Over the next two decades, his power within the mafia grew as he became actively involved in robbery, drug trafficking, loansharking, and gambling, while operating a large and profitable crew from a café on Cooper Avenue in the Glendale neighborhood of Queens. His rank rose as well, going from a soldier to a captain who served on a three-member ruling panel that led the Gambino Family.
His rise was halted on January 20, 2011, when he was arrested in a big nationwide mob bust that saw over 120 members and associates of La Cosa Nostra in handcuffs, including leaders of the Colombo Family in New York and the Patriarca Family in New England.
When Vernace heard the charges against him he must have had a moment of déjà vu. Prosecutors topped off Vernace’s indictment with the 1981 double homicide of Richard Godkin and John D’Agnese. And this time witnesses weren’t afraid to testify.
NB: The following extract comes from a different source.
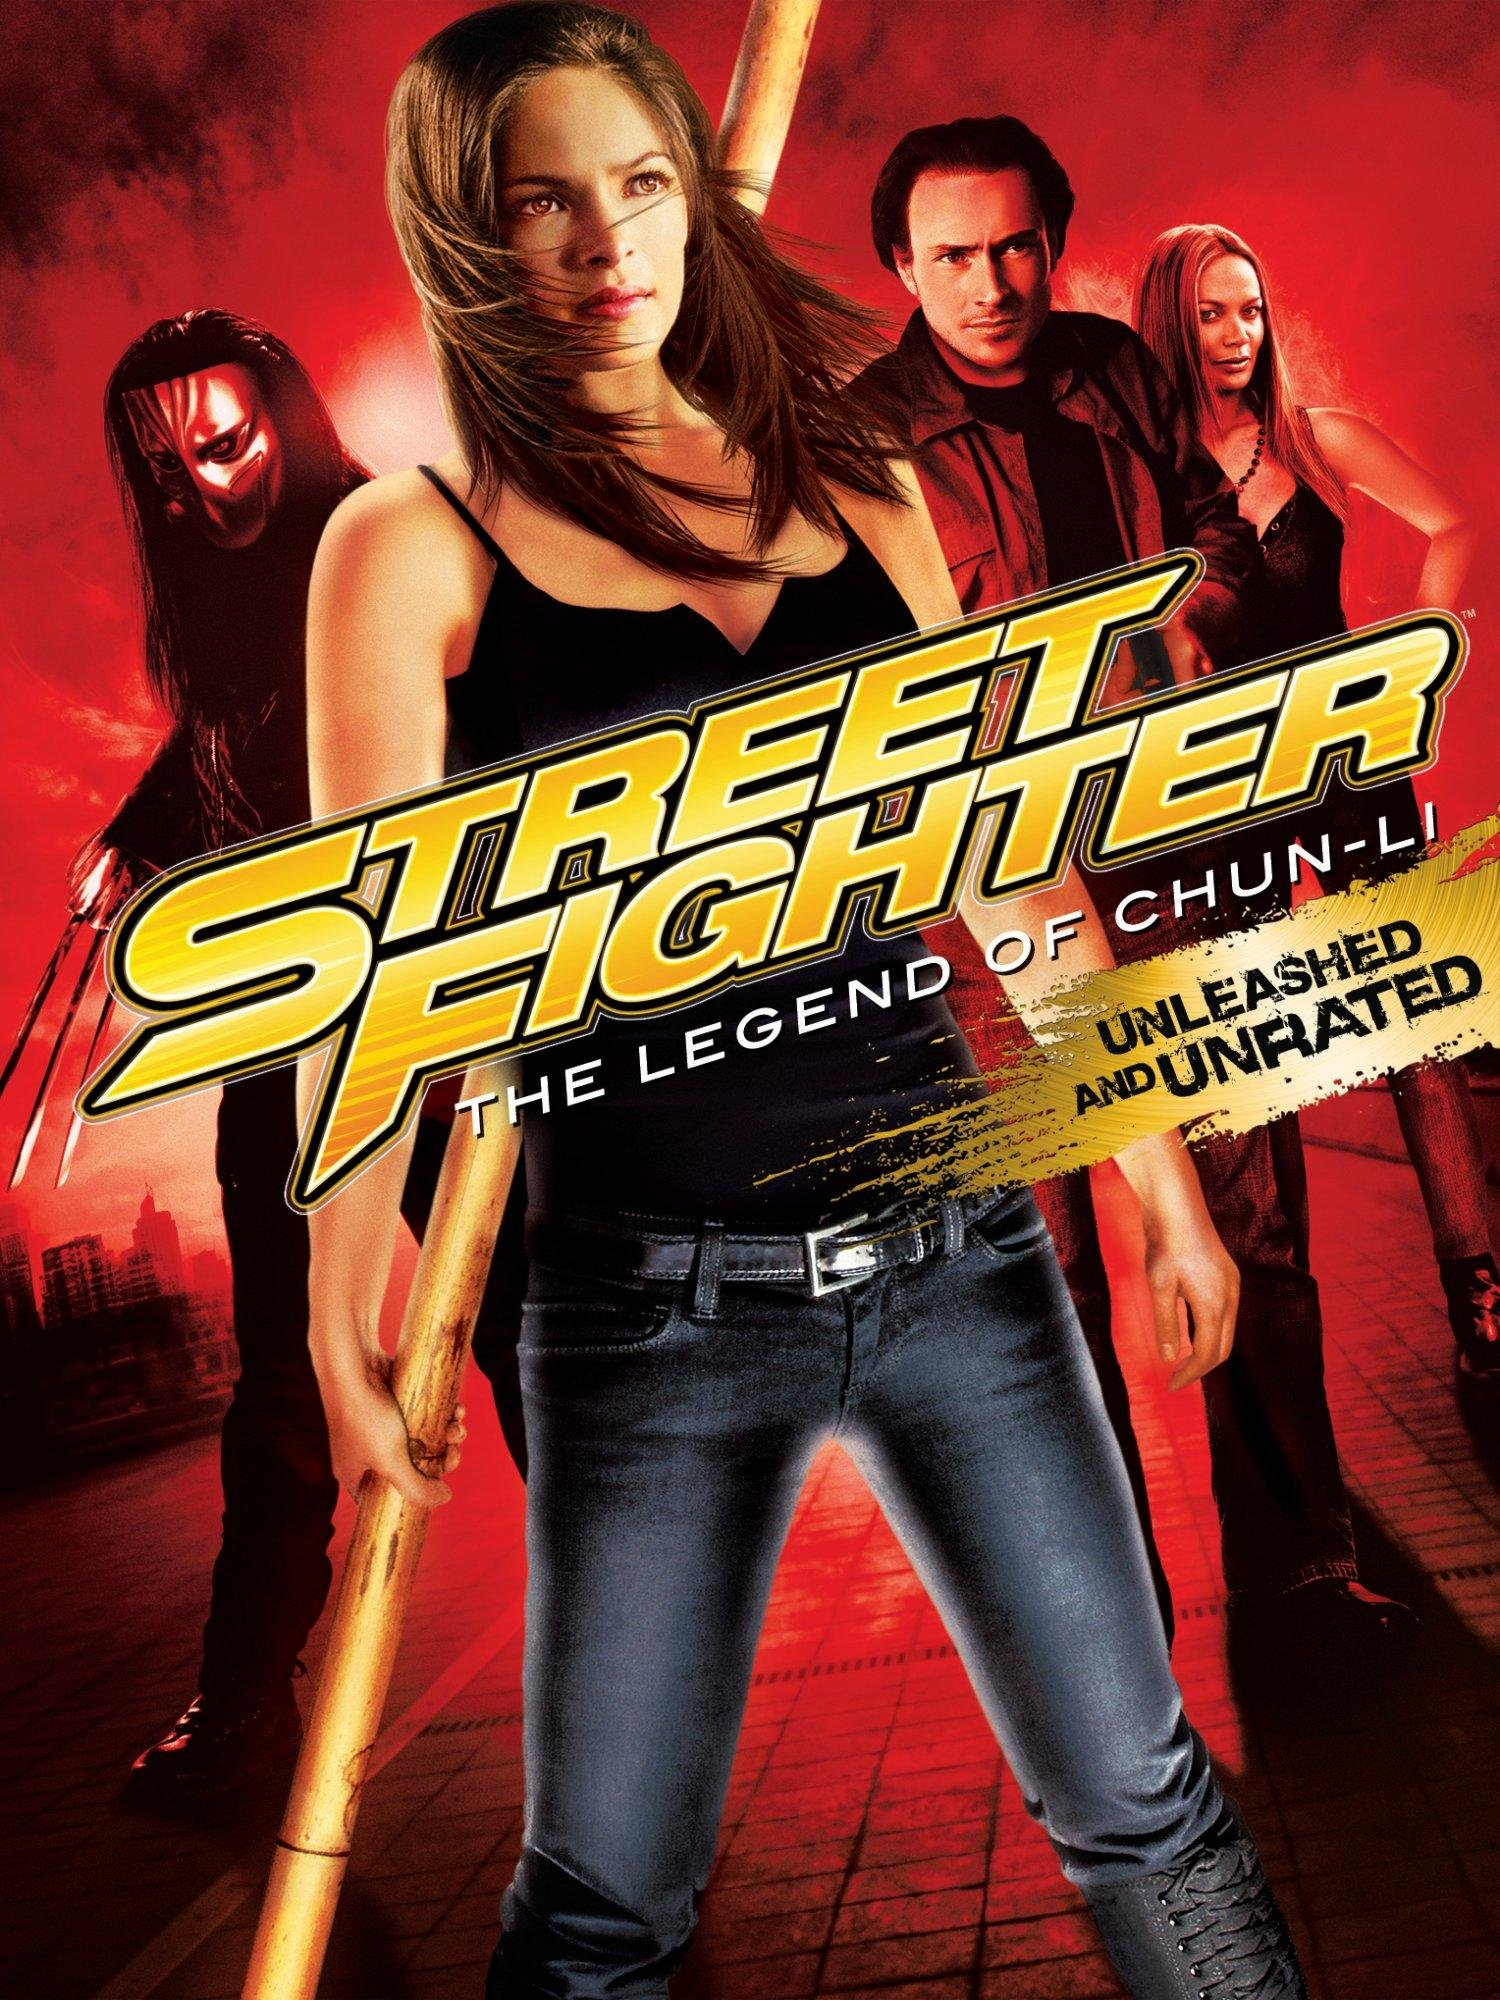 Amazon.com: Street Fighter: The Legend of Chun-Li UNRATED ...

After a five week trial, the jury came back with its verdict. Guilty. As part of the racketeering conspiracy, the jury found that Vernace participated in all racketeering acts alleged in the indictment, including the murders of Richard Godkin and John D’Agnese, heroin trafficking, robbery, loansharking, and illegal gambling.
The 64-year-old mobster now faced life in prison because back in 1981 his friend came to him with the request to come and go out to kill two bar owners for doing their job. Meanwhile, the man who was the source of all this violence remains unknown. That evening over thirty years ago, he spilled a drink on a nice dress that was subsequently “ruined” and left a pretty lady pretty angry, causing her gangster boyfriend to get a buddy and some guns to set things straight and murder two men.
Three years after being found guilty, Vernace passed away behind bars at age 67.